12.2.4. Deep Comparison: ECR vs. GAR

FeatureAWS ECRGoogle Artifact Registry
ScopeDocker/OCI onlyDocker, Maven, npm, PyPI, Apt, Yum, Go
Storage BackendS3 (Opaque)Cloud Storage (Opaque)
ReplicationCross-Region Replication rulesMulti-region buckets or Custom replication
CachingPull Through Cache (Docker/Quay/K8s)Remote Repositories (Docker/Maven/PyPI/etc)
ScanningAmazon Inspector / ClairContainer Analysis API
Addressingacc_id.dkr.ecr.region.amazonaws.comregion-docker.pkg.dev/project/repo
Immutable TagsSupportedSupported
PricingStorage + Data Transfer OutStorage + Vulnerability Scanning + Network

The Verdict for Architects:

  • If you are on AWS, use ECR. The integration with EKS nodes (via IAM Roles for Service Accounts) is seamless.
  • If you are on GCP, use GAR. The ability to host your private Python packages alongside your Docker images reduces infrastructure complexity significantly.
  • Hybrid: If training on GCP (TPUs) and serving on AWS, use Skopeo to sync images. Do not make EKS pull directly from GAR (high egress cost).

12.2.5. Advanced Optimization: Handling the “Fat” Image

ML images are notoriously large. Optimizing them is “Step 0” of MLOps.

Strategy 1: Multi-Stage Builds

Separate the build environment (compilers, headers) from the runtime environment.

# Stage 1: Builder (Heavy)
FROM nvidia/cuda:12.1-devel-ubuntu22.04 as builder
WORKDIR /app
COPY requirements.txt .
# Install gcc and build tools
RUN apt-get update && apt-get install -y build-essential
# Wheel compilation
RUN pip wheel --no-cache-dir --wheel-dir /app/wheels -r requirements.txt

# Stage 2: Runner (Light)
FROM nvidia/cuda:12.1-runtime-ubuntu22.04
WORKDIR /app
COPY --from=builder /app/wheels /wheels
COPY --from=builder /app/requirements.txt .
# Install pre-compiled wheels
RUN pip install --no-cache /wheels/*
COPY src/ .
CMD ["python", "main.py"]
  • Impact: Reduces image size from ~8GB (devel) to ~3GB (runtime).

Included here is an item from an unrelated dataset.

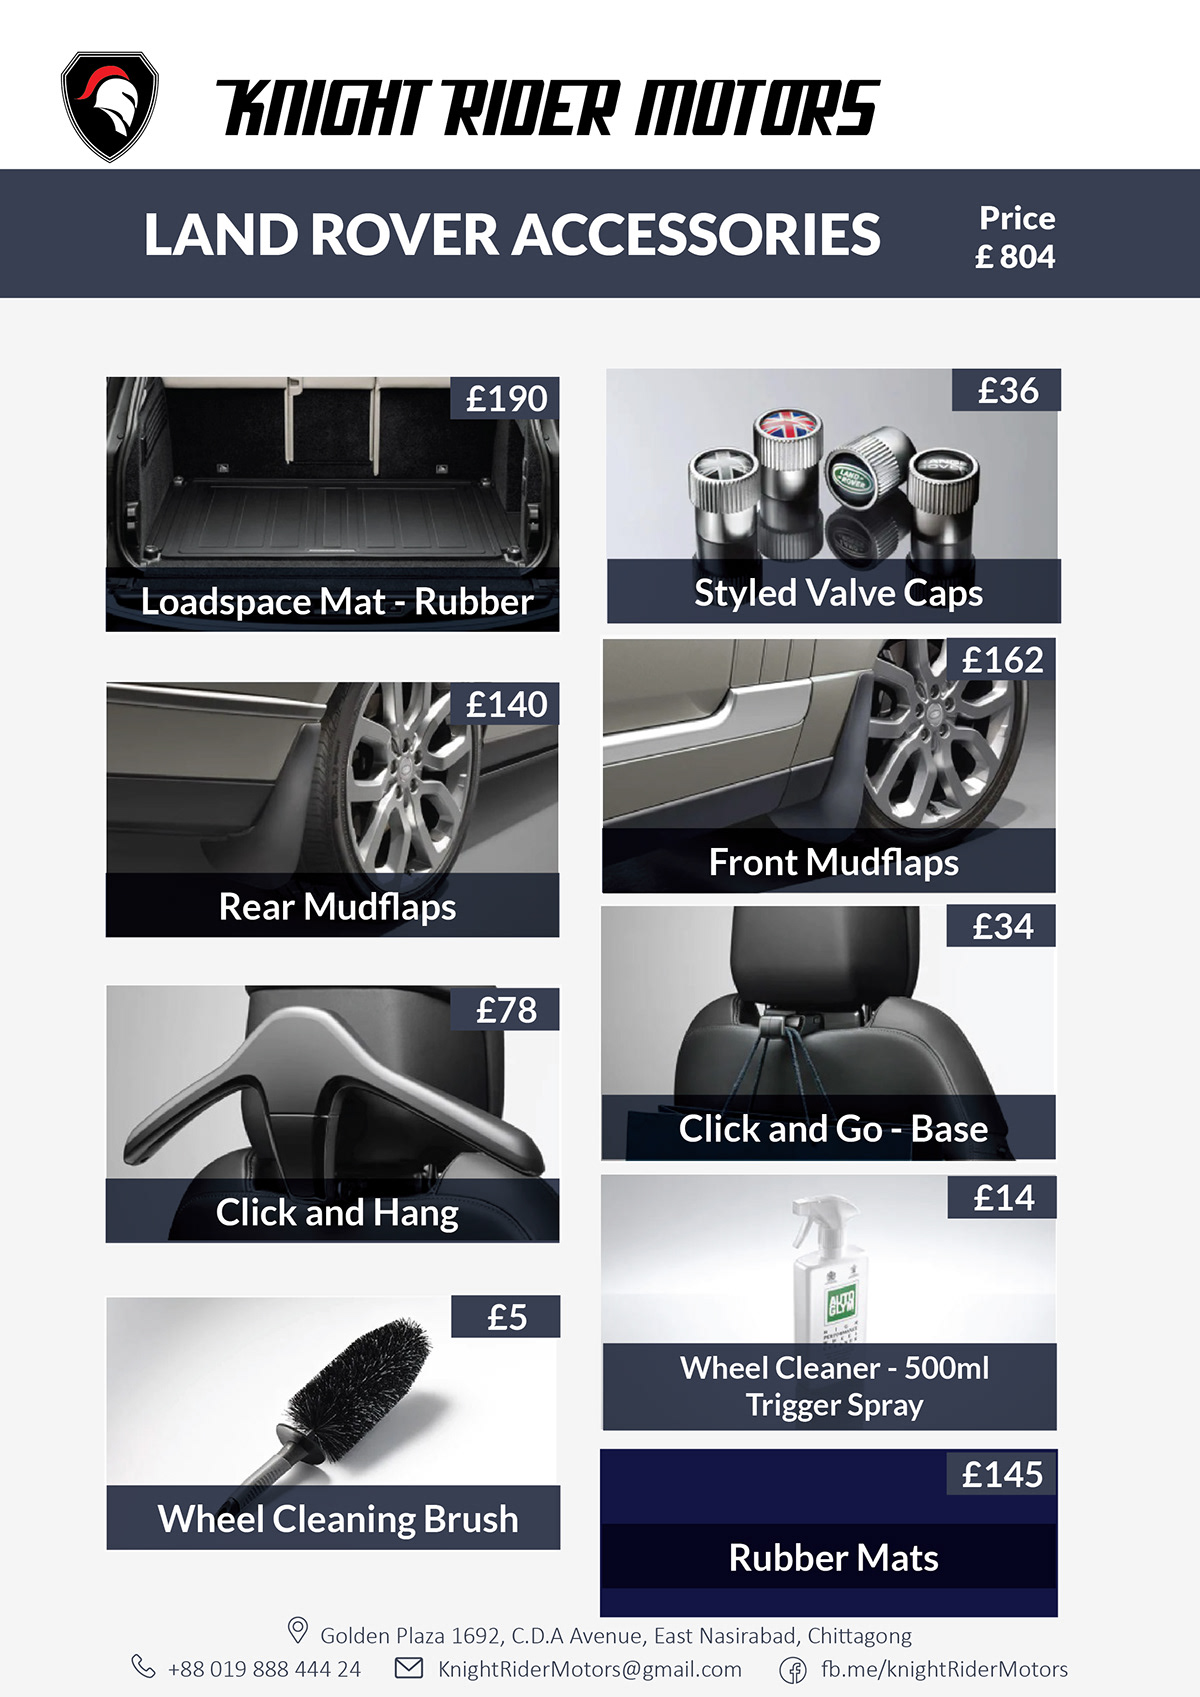 range rover car automotive   Pricing showcase brochure design

Strategy 2: The “Conda Clean”

If using Conda, it caches tarballs and pkgs.

RUN conda env create -f environment.yml && \
    conda clean -afy
  • Impact: Saves ~30-40% of space in the Conda layer.

Strategy 3: Layer Ordering (Cache Invalidation)

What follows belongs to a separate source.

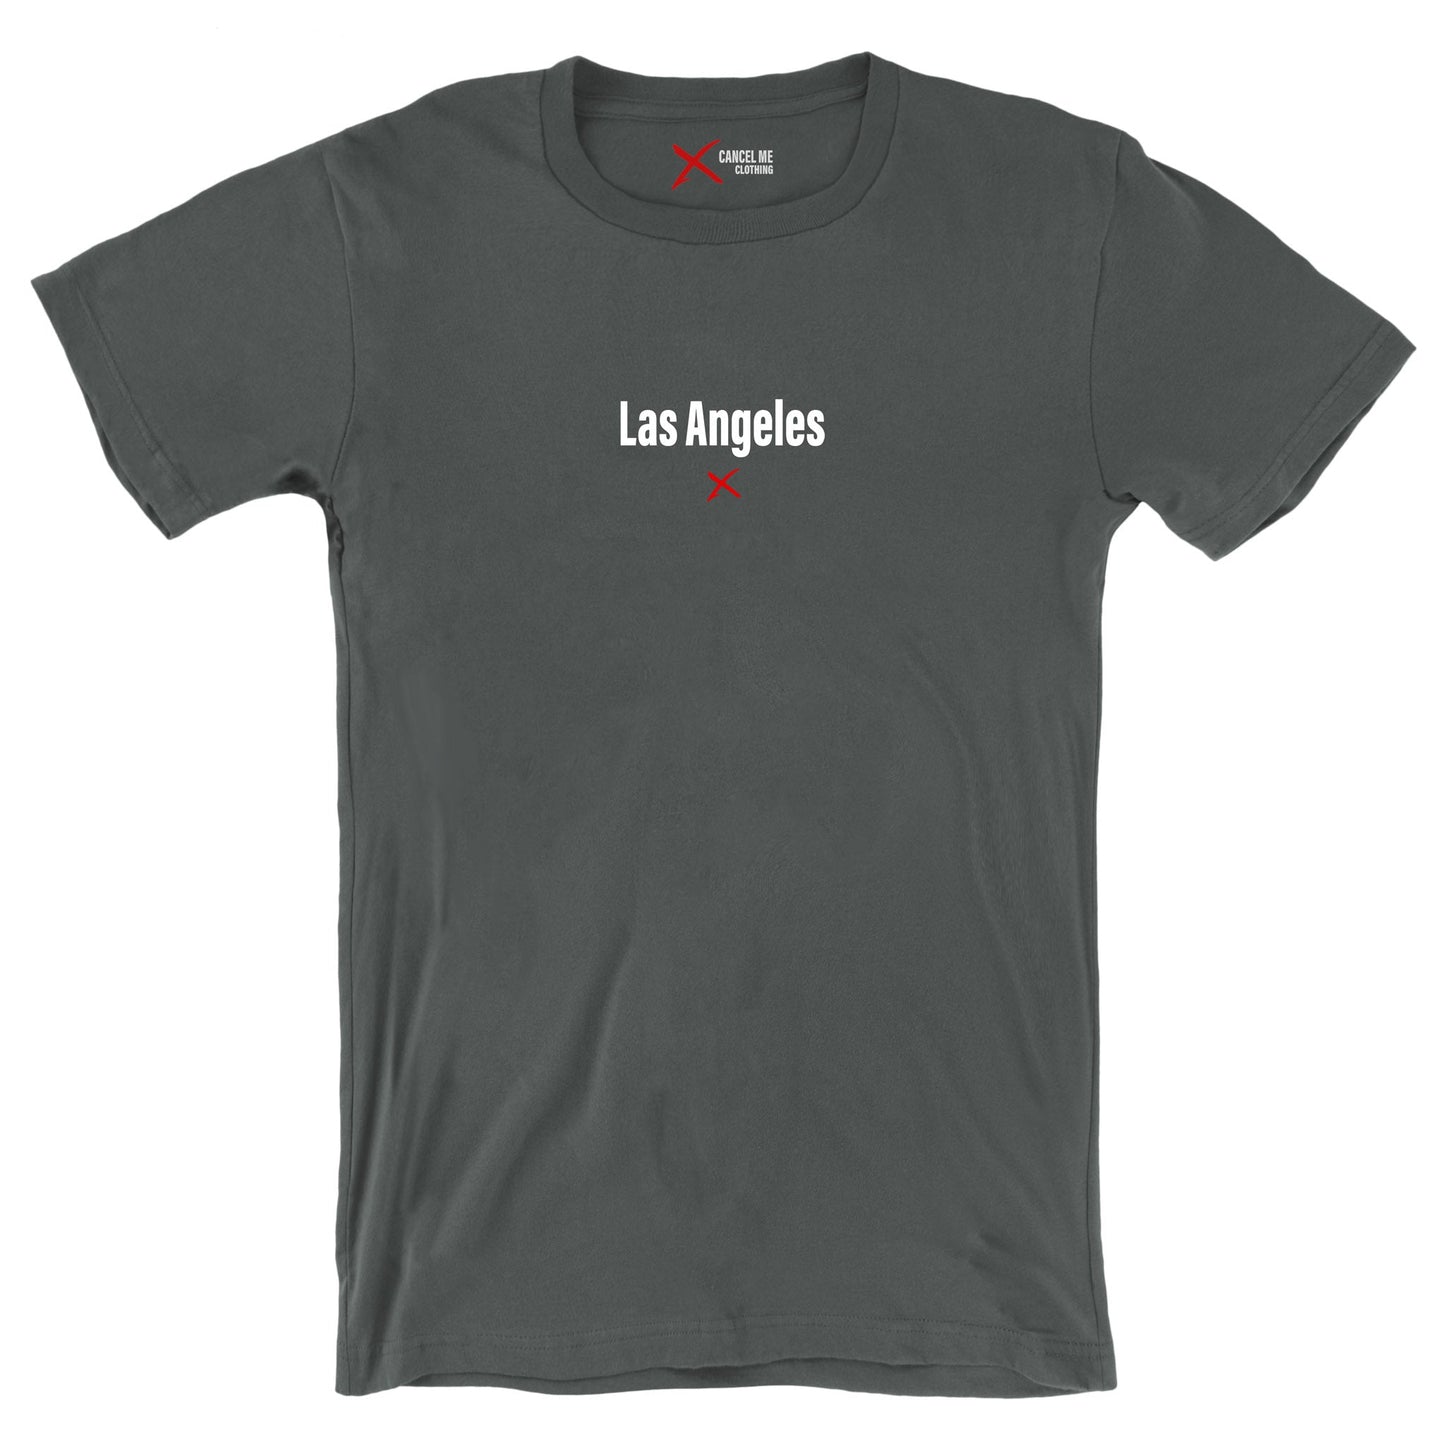 Las Angeles - Shirt

Docker builds layers from top to bottom. Once a layer changes, all subsequent layers are rebuilt.

  • Bad:
    COPY src/ .              # Changes every commit
    RUN pip install torch    # Re-downloads 2GB every commit!
    
  • Good:
    RUN pip install torch    # Cached layer
    COPY src/ .              # Changes every commit
    

Strategy 4: Removing Bloatware

Standard NVIDIA images include static libraries and headers not needed for inference.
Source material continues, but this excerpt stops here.